─── DATASET EXCERPT

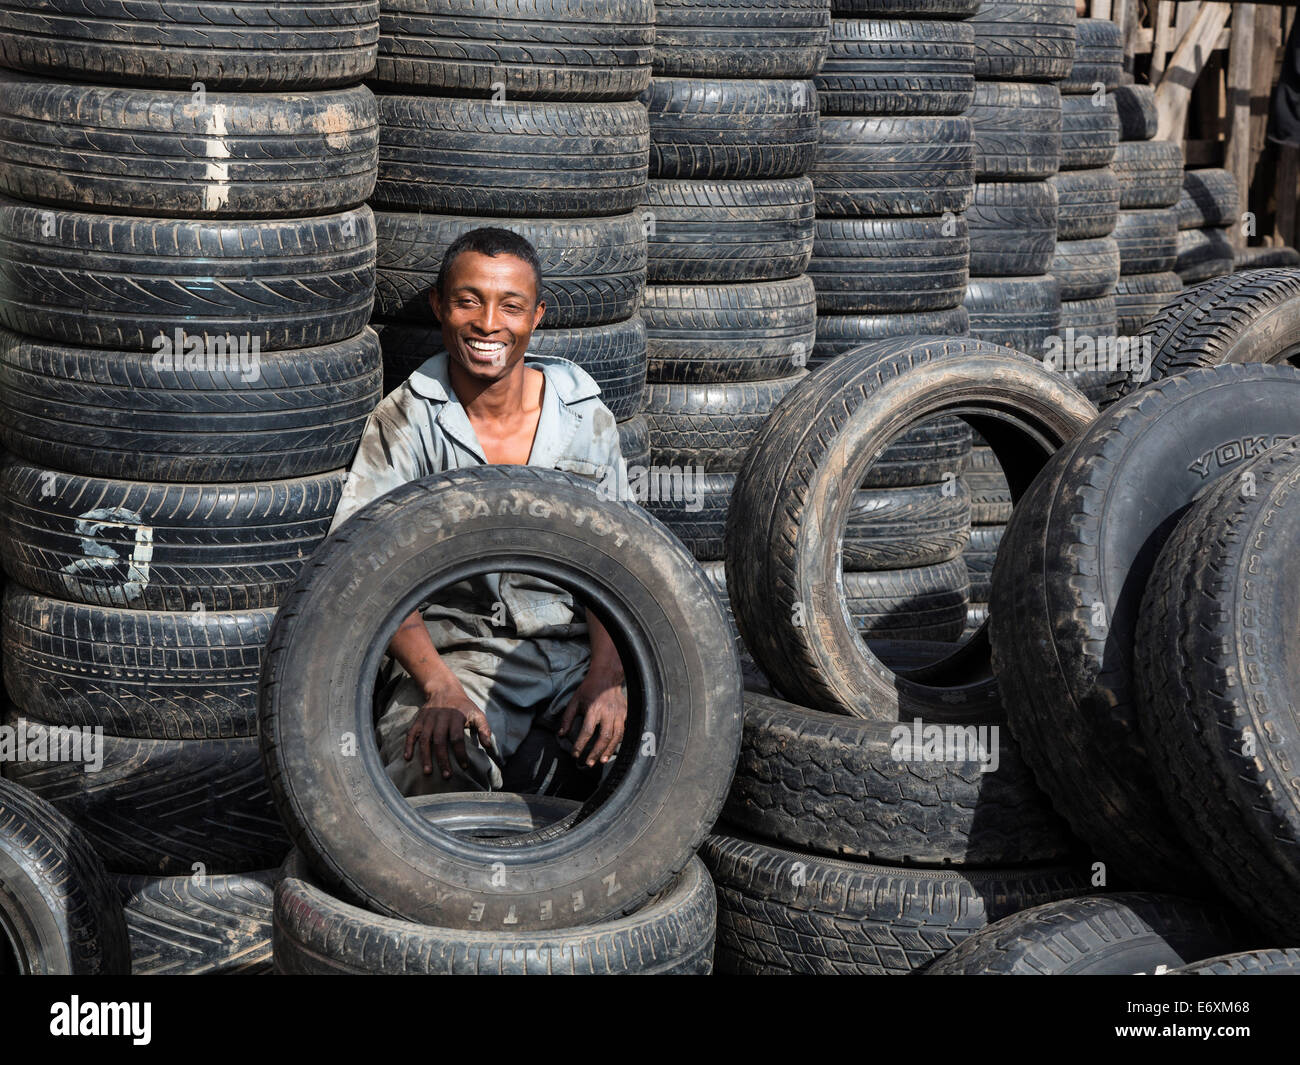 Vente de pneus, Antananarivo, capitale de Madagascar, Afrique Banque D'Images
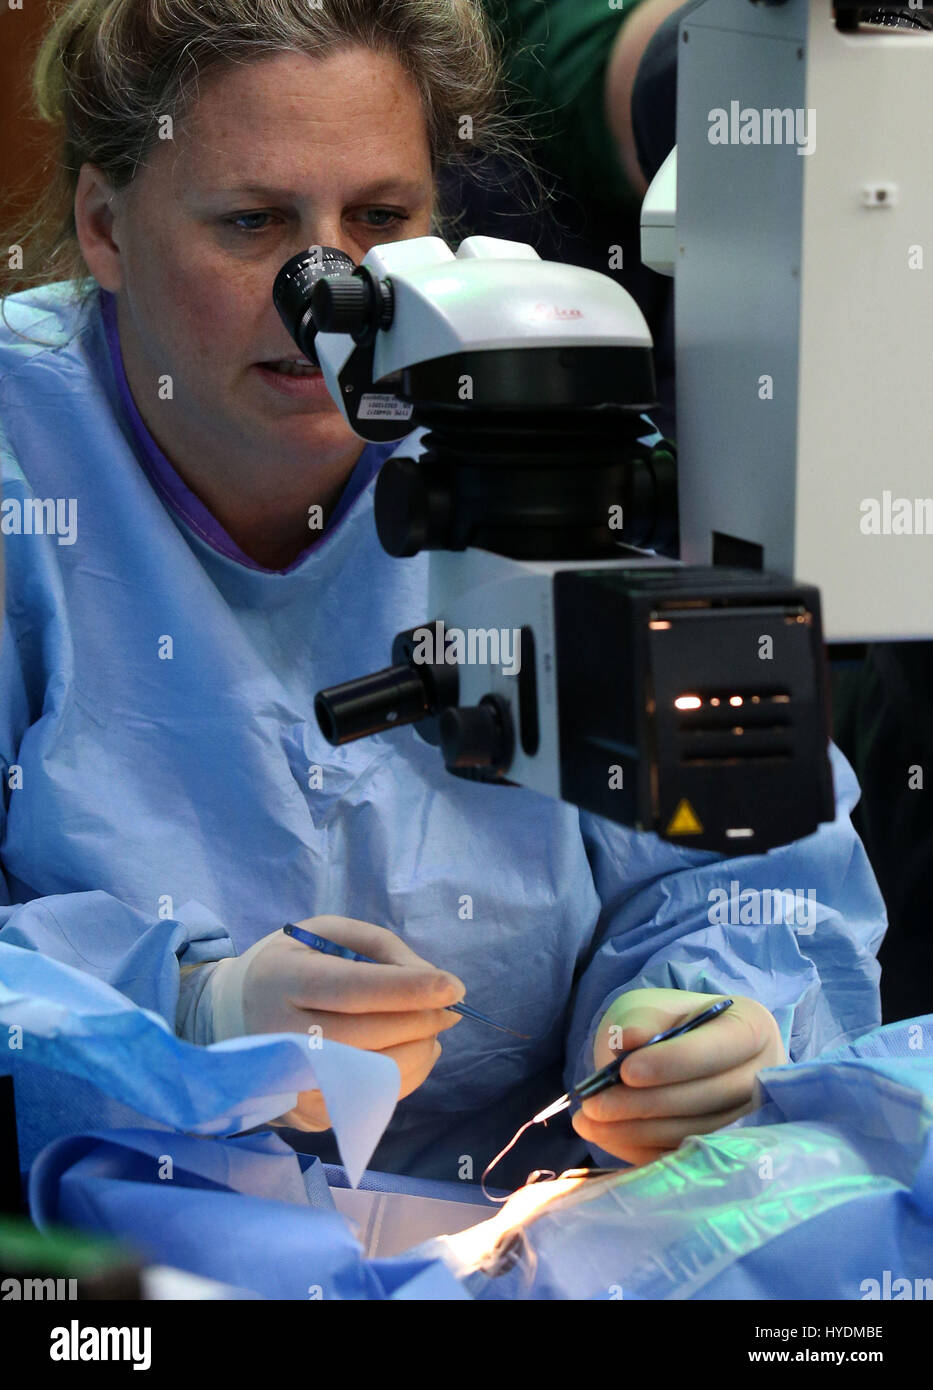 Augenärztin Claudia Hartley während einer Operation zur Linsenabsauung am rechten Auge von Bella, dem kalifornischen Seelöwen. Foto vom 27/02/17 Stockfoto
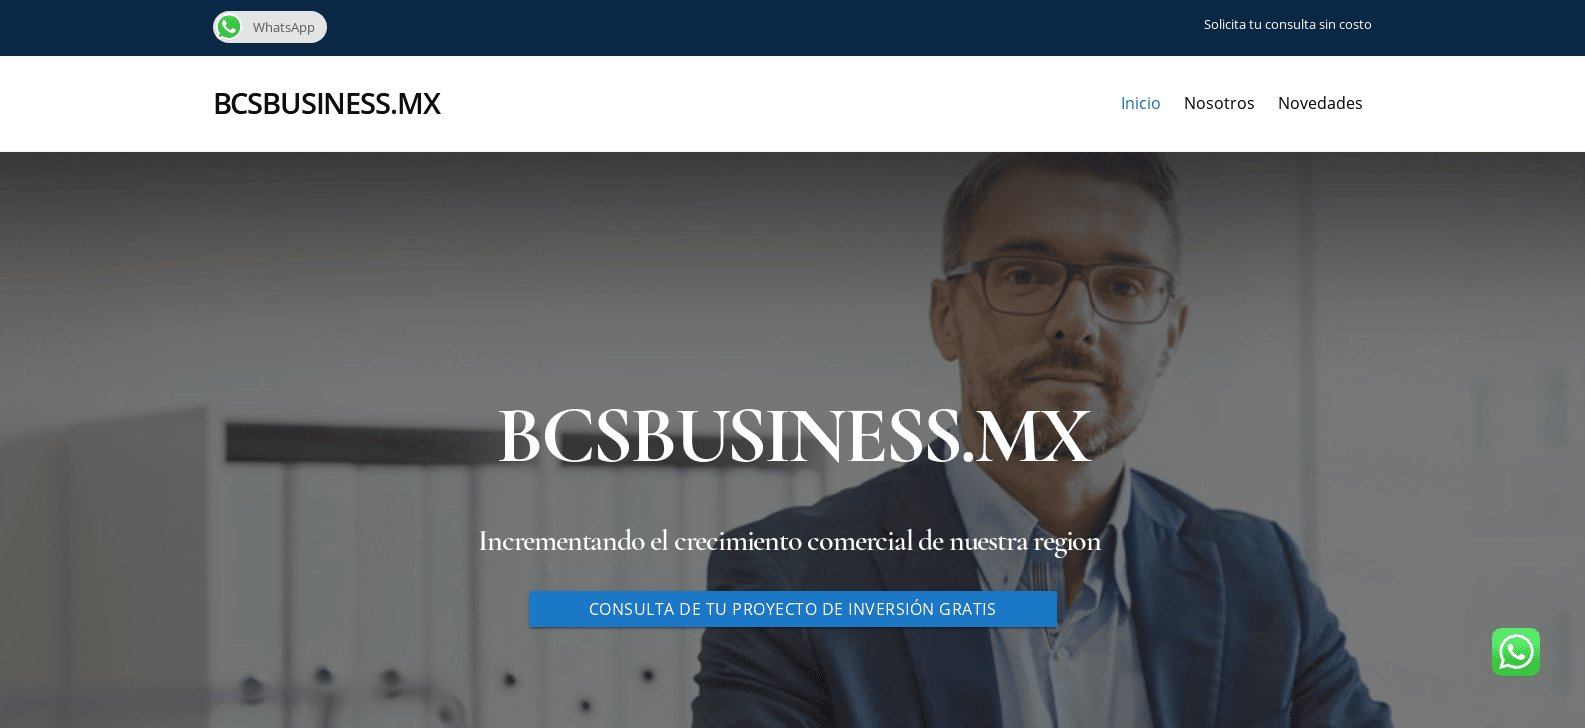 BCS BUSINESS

──────

DESCRIPTION OF THE TASK: Send back every line of the listing exactly. Omit the images.

RESPONSE TO THIS TASK:
 Vente de pneus, Antananarivo, capitale de Madagascar, Afrique Banque D'Images
 Augenärztin Claudia Hartley während einer Operation zur Linsenabsauung am rechten Auge von Bella, dem kalifornischen Seelöwen. Foto vom 27/02/17 Stockfoto
 BCS BUSINESS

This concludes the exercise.